▶ Problem description:
Print the data below again in full, exactly as it stands, with no images.

▶ Data segment:
__________________________________________________

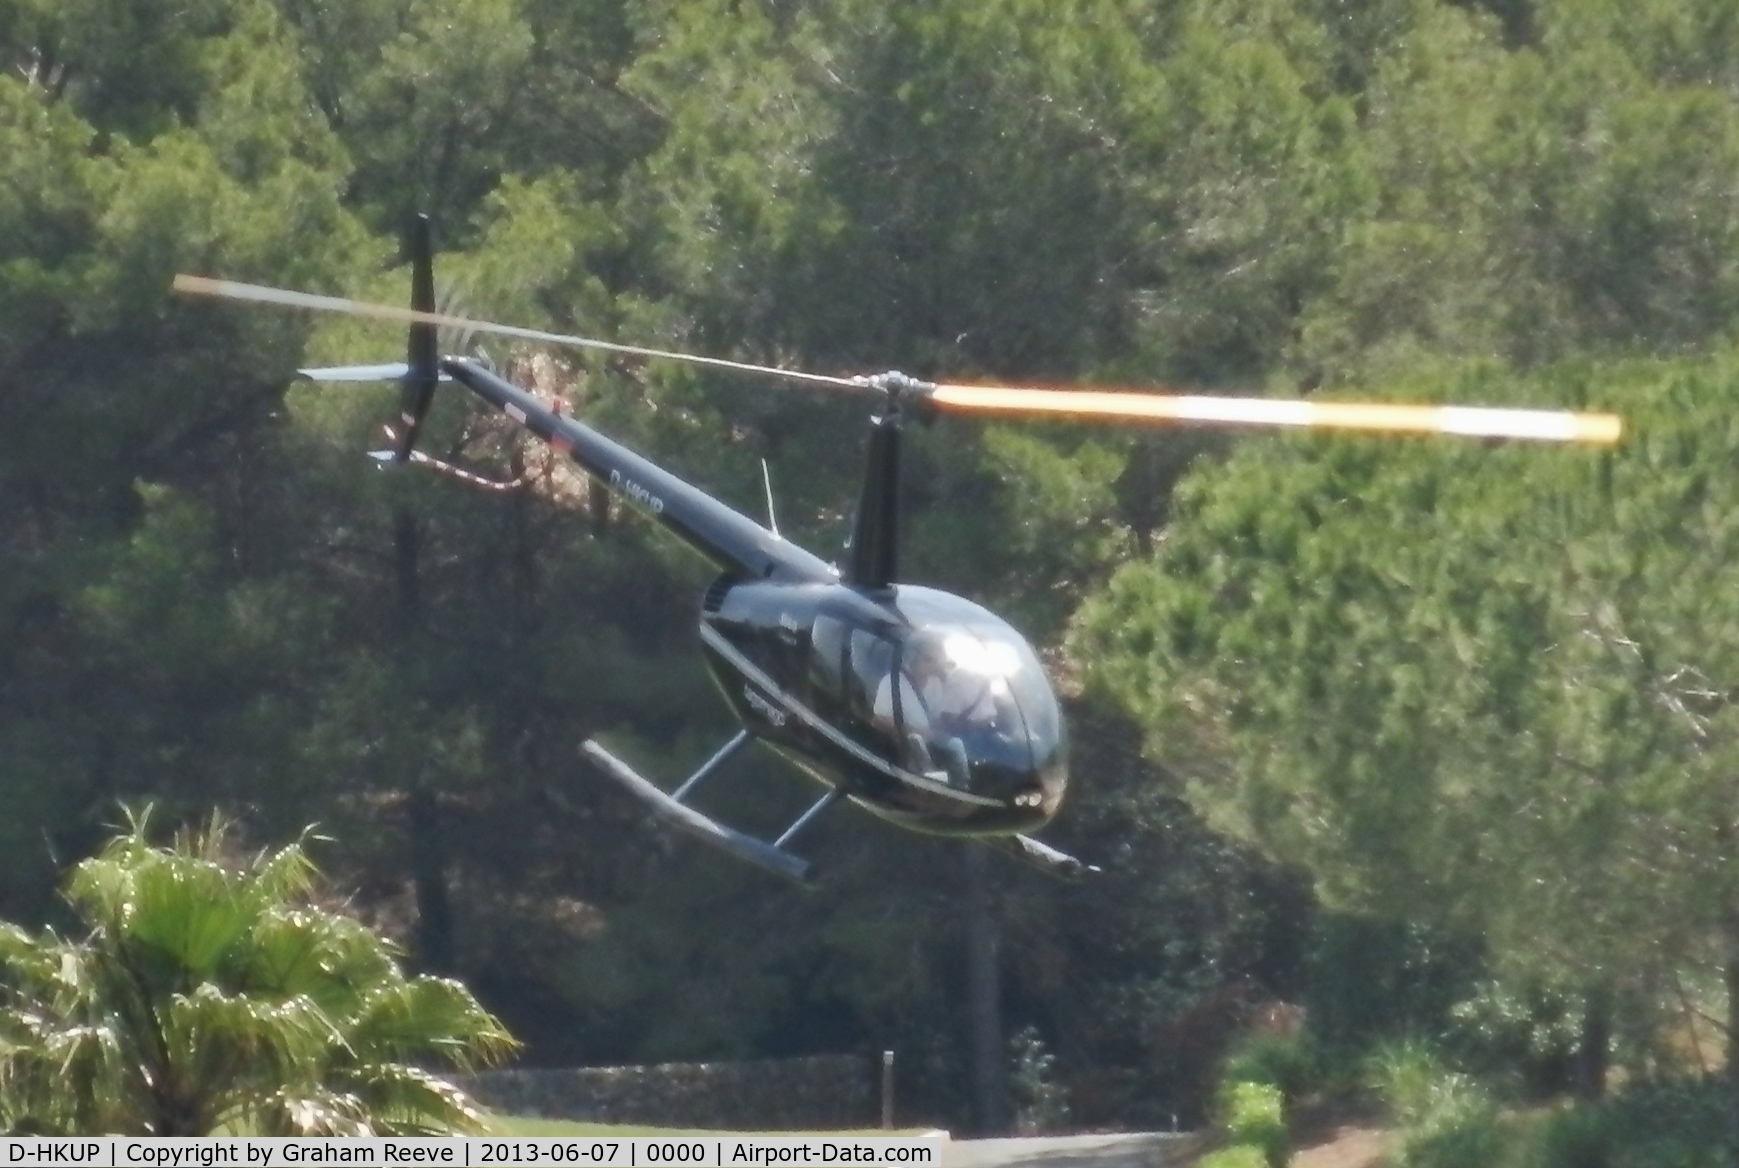 D-HKUP, Robinson R44 C/N 11450, Departing from a golf course in Camp de Mar, Majorca.
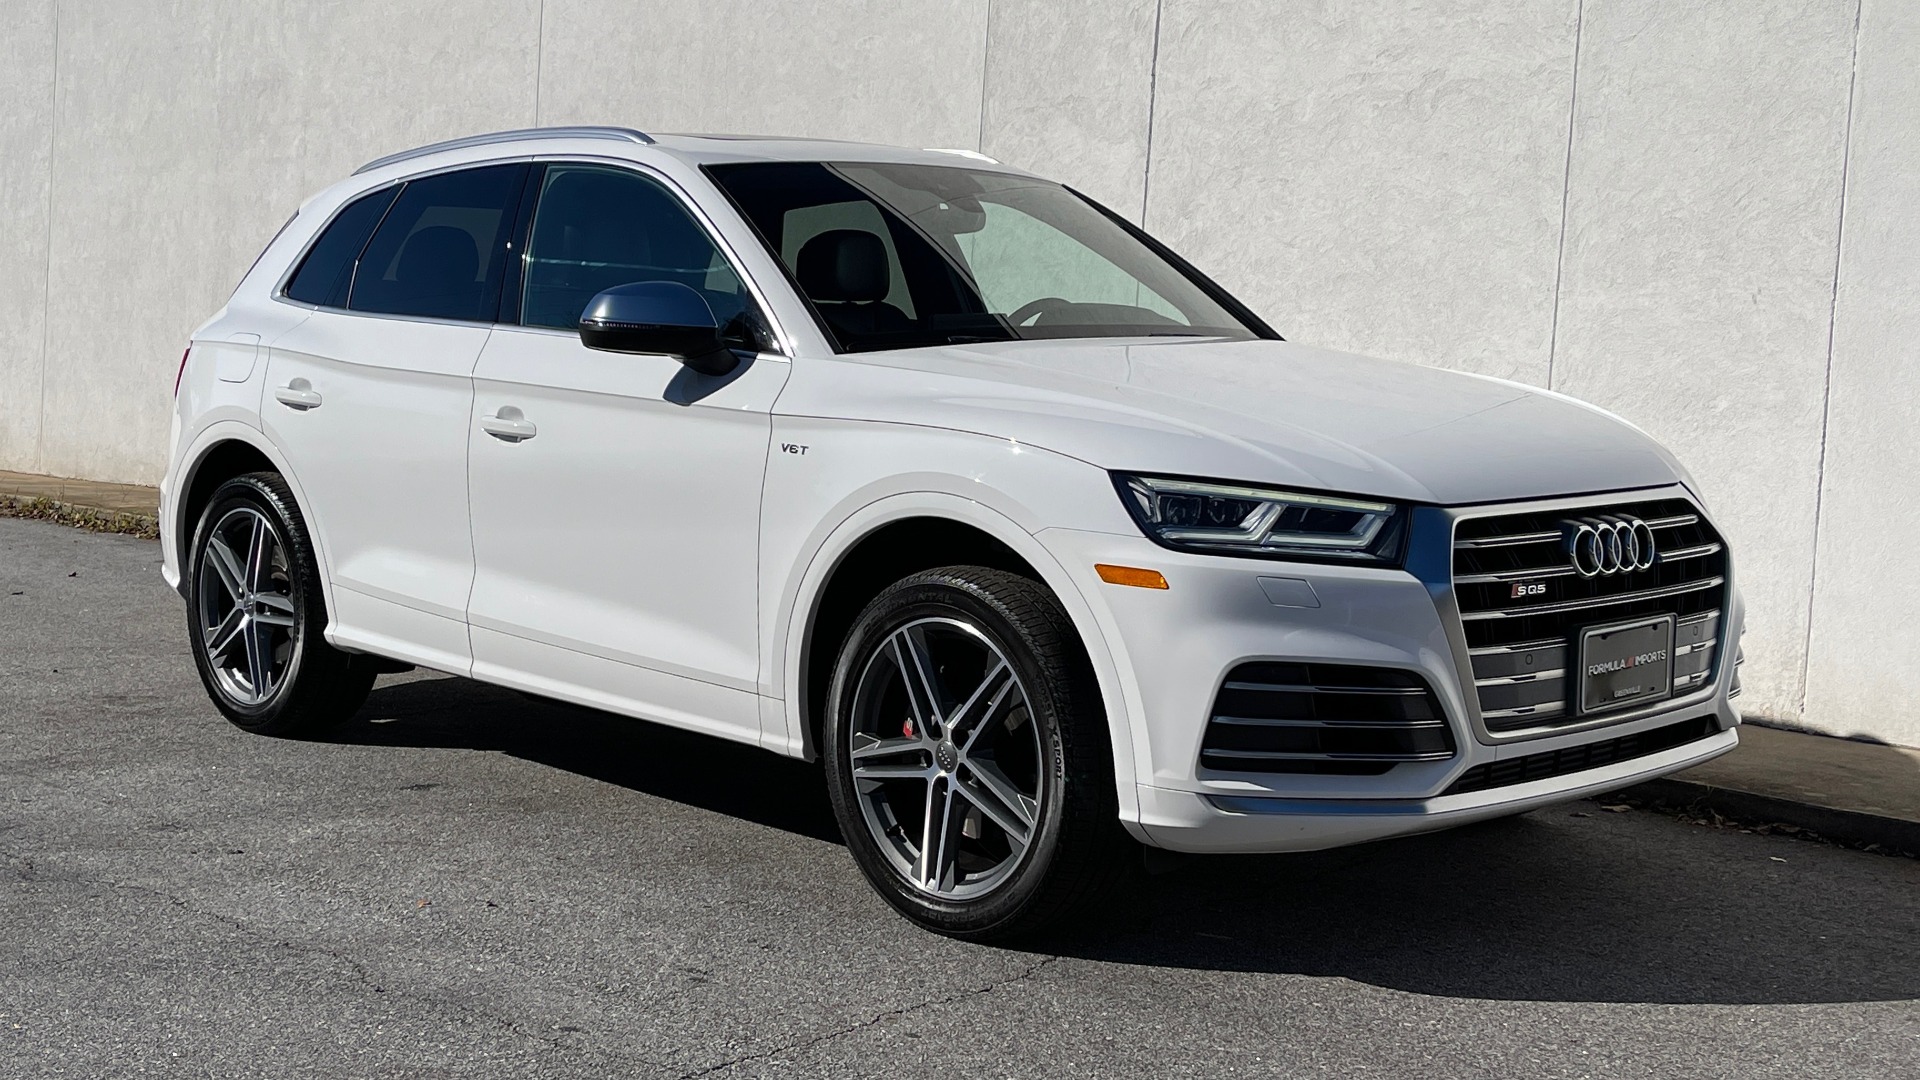 Used 2018 Audi SQ5 PREMIUM PLUS / NAV / SUNROOF / 12.3IN SCREEN / REARVIEW for sale $46,795 at Formula Imports in Charlotte NC 28227 5
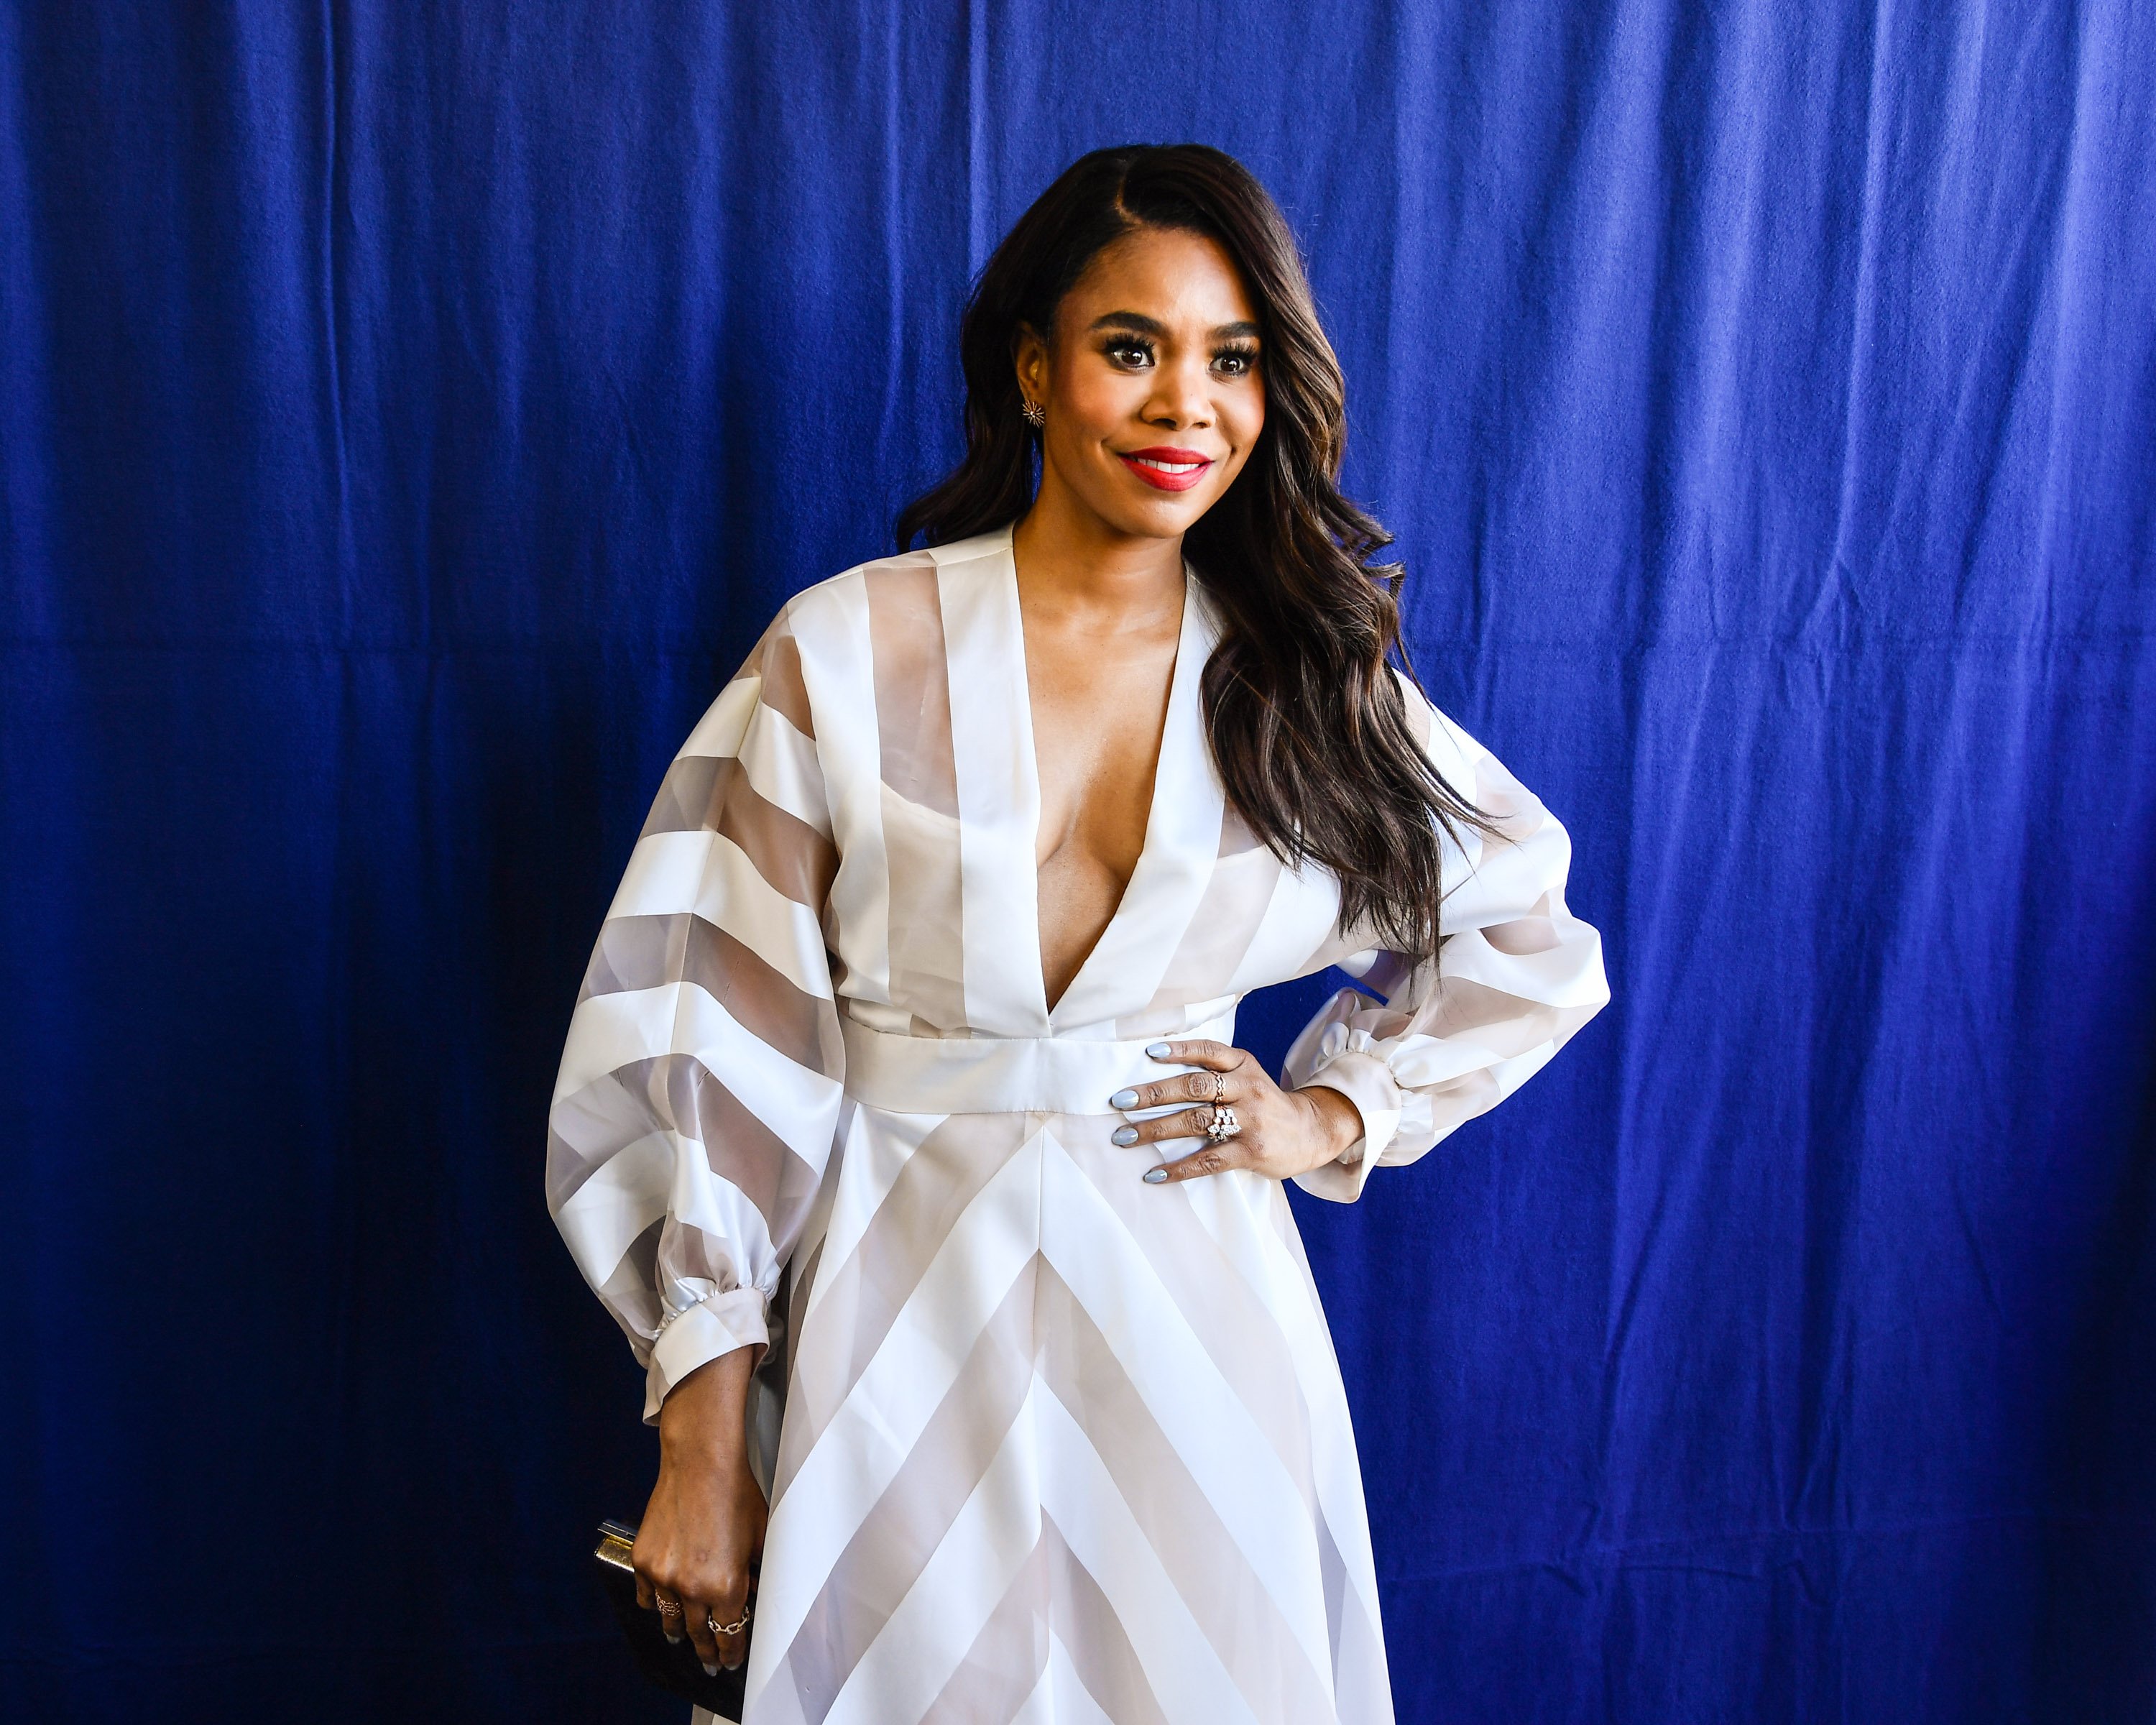 Regina Hall at the 2019 Film Independent Spirit Awards on February 23, 2019, in Santa Monica, California. | Source: Getty Images

__________________________________________________

▶ Response box:
 D-HKUP, Robinson R44 C/N 11450, Departing from a golf course in Camp de Mar, Majorca.
 Used 2018 Audi SQ5 PREMIUM PLUS / NAV / SUNROOF / 12.3IN SCREEN / REARVIEW for sale $46,795 at Formula Imports in Charlotte NC 28227 5
 Regina Hall at the 2019 Film Independent Spirit Awards on February 23, 2019, in Santa Monica, California. | Source: Getty Images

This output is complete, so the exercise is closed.